[DATA SHOWN — start]
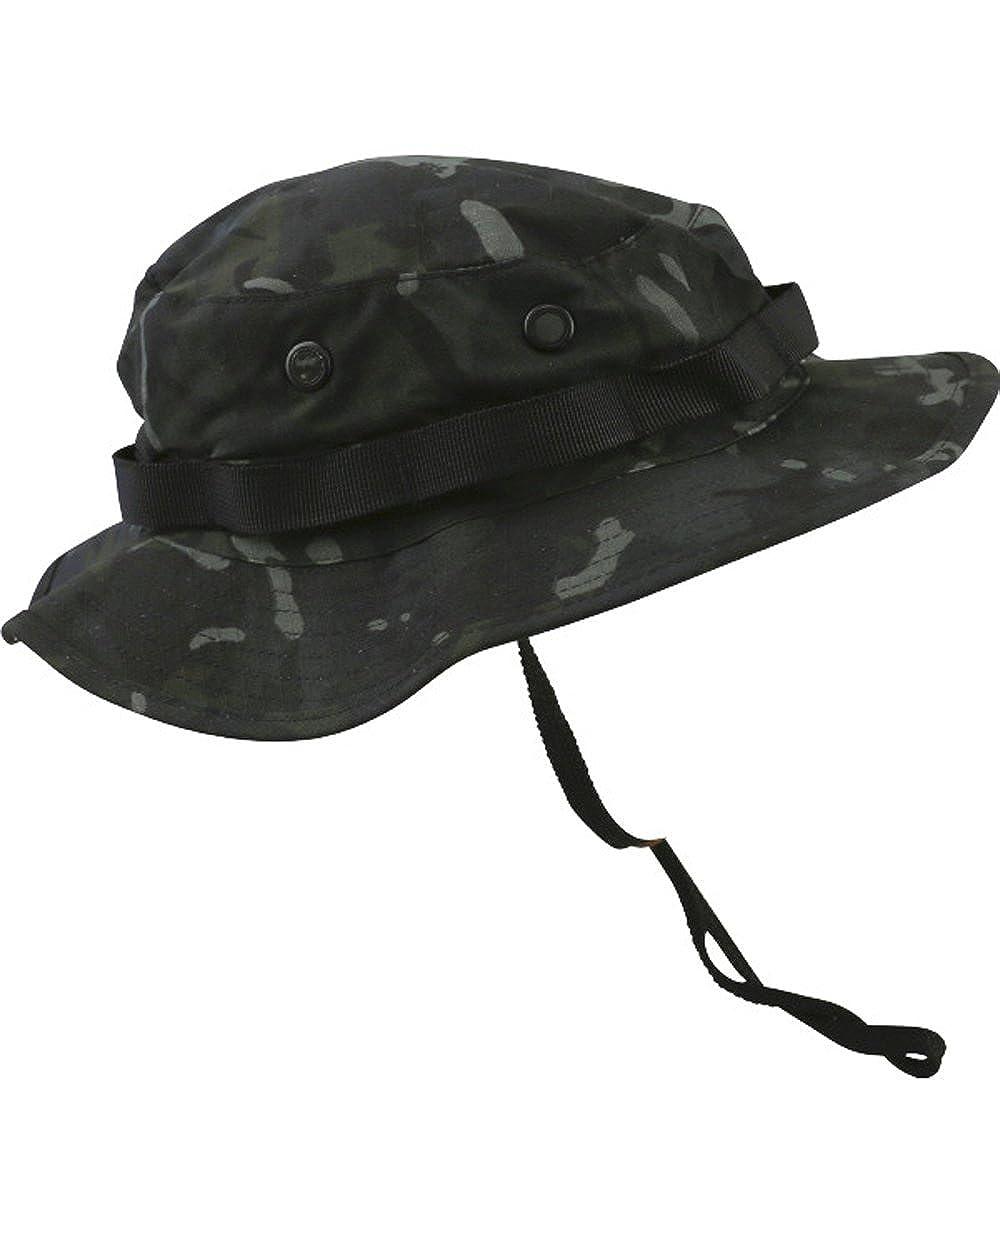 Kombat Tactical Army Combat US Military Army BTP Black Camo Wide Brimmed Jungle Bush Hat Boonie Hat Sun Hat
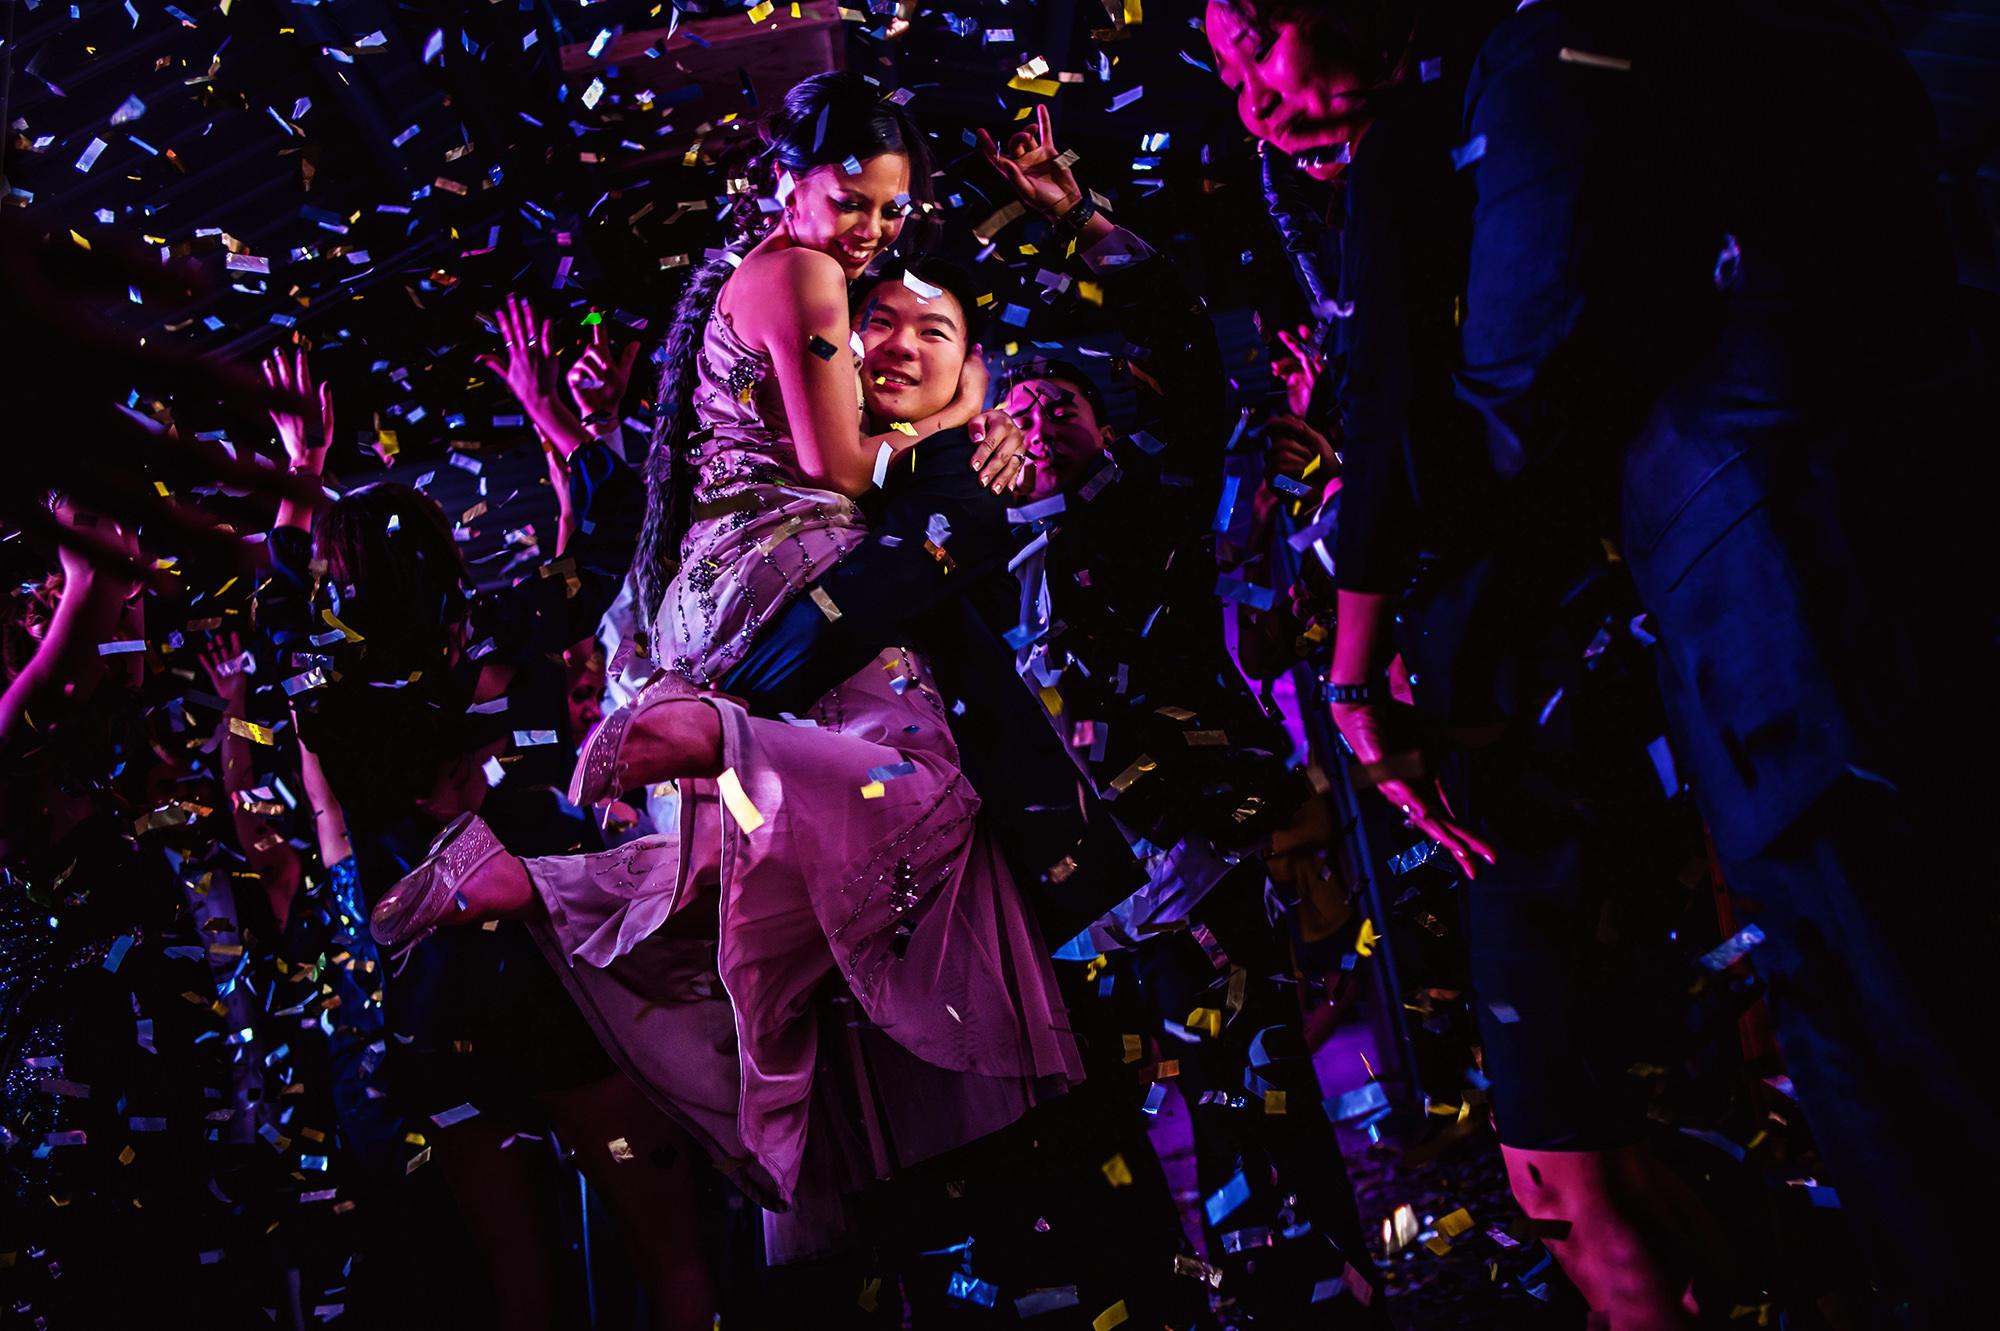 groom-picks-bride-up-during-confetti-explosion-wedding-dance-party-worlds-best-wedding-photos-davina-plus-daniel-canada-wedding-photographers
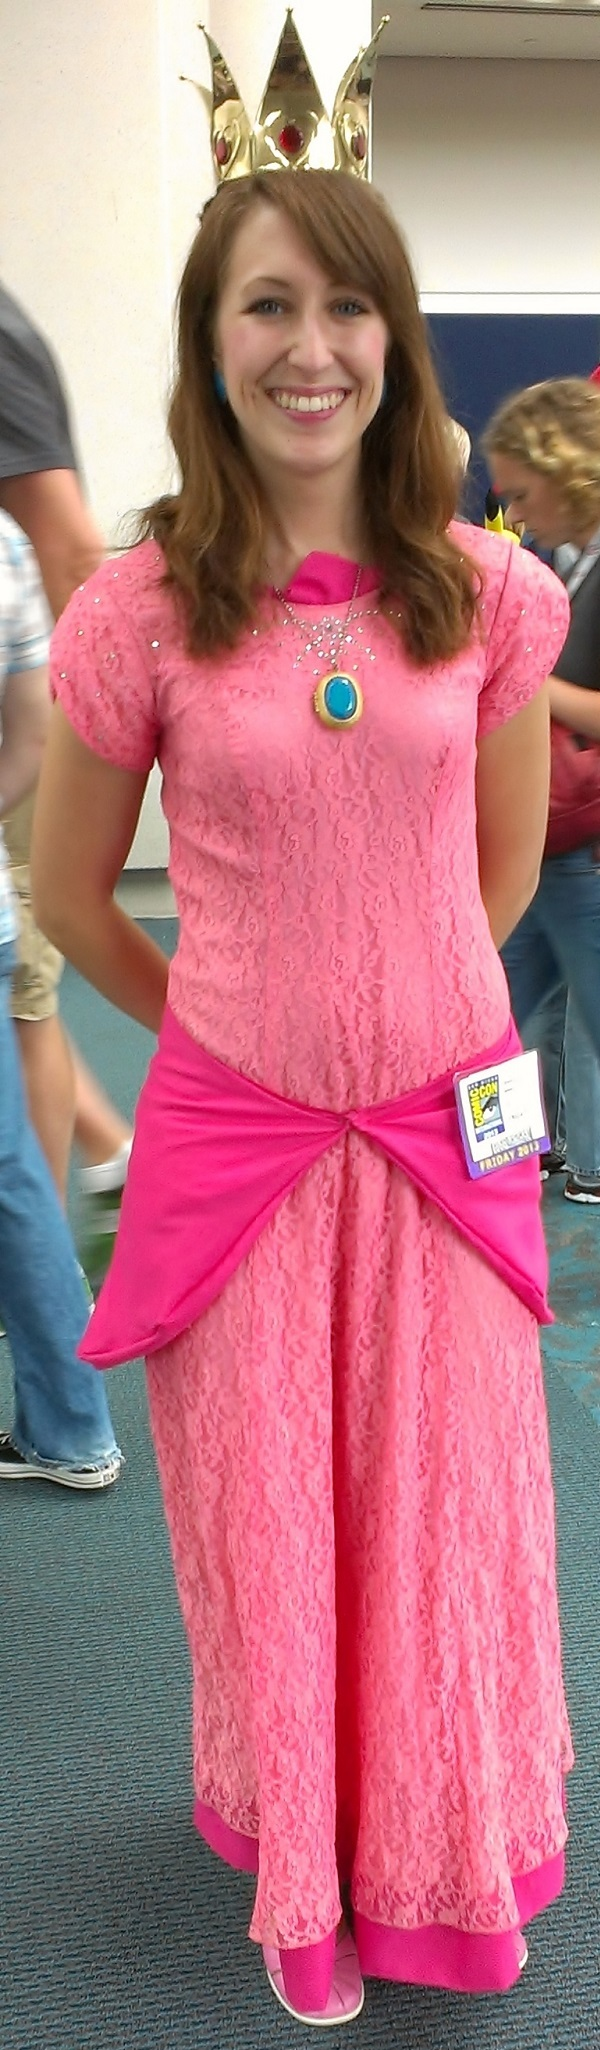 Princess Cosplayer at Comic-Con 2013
[DATA SHOWN — finish]
AIM OF THE EXERCISE -
Leave every picture out. Retype the remaining data exactly.

OUTPUT -
 Kombat Tactical Army Combat US Military Army BTP Black Camo Wide Brimmed Jungle Bush Hat Boonie Hat Sun Hat
 groom-picks-bride-up-during-confetti-explosion-wedding-dance-party-worlds-best-wedding-photos-davina-plus-daniel-canada-wedding-photographers
 Princess Cosplayer at Comic-Con 2013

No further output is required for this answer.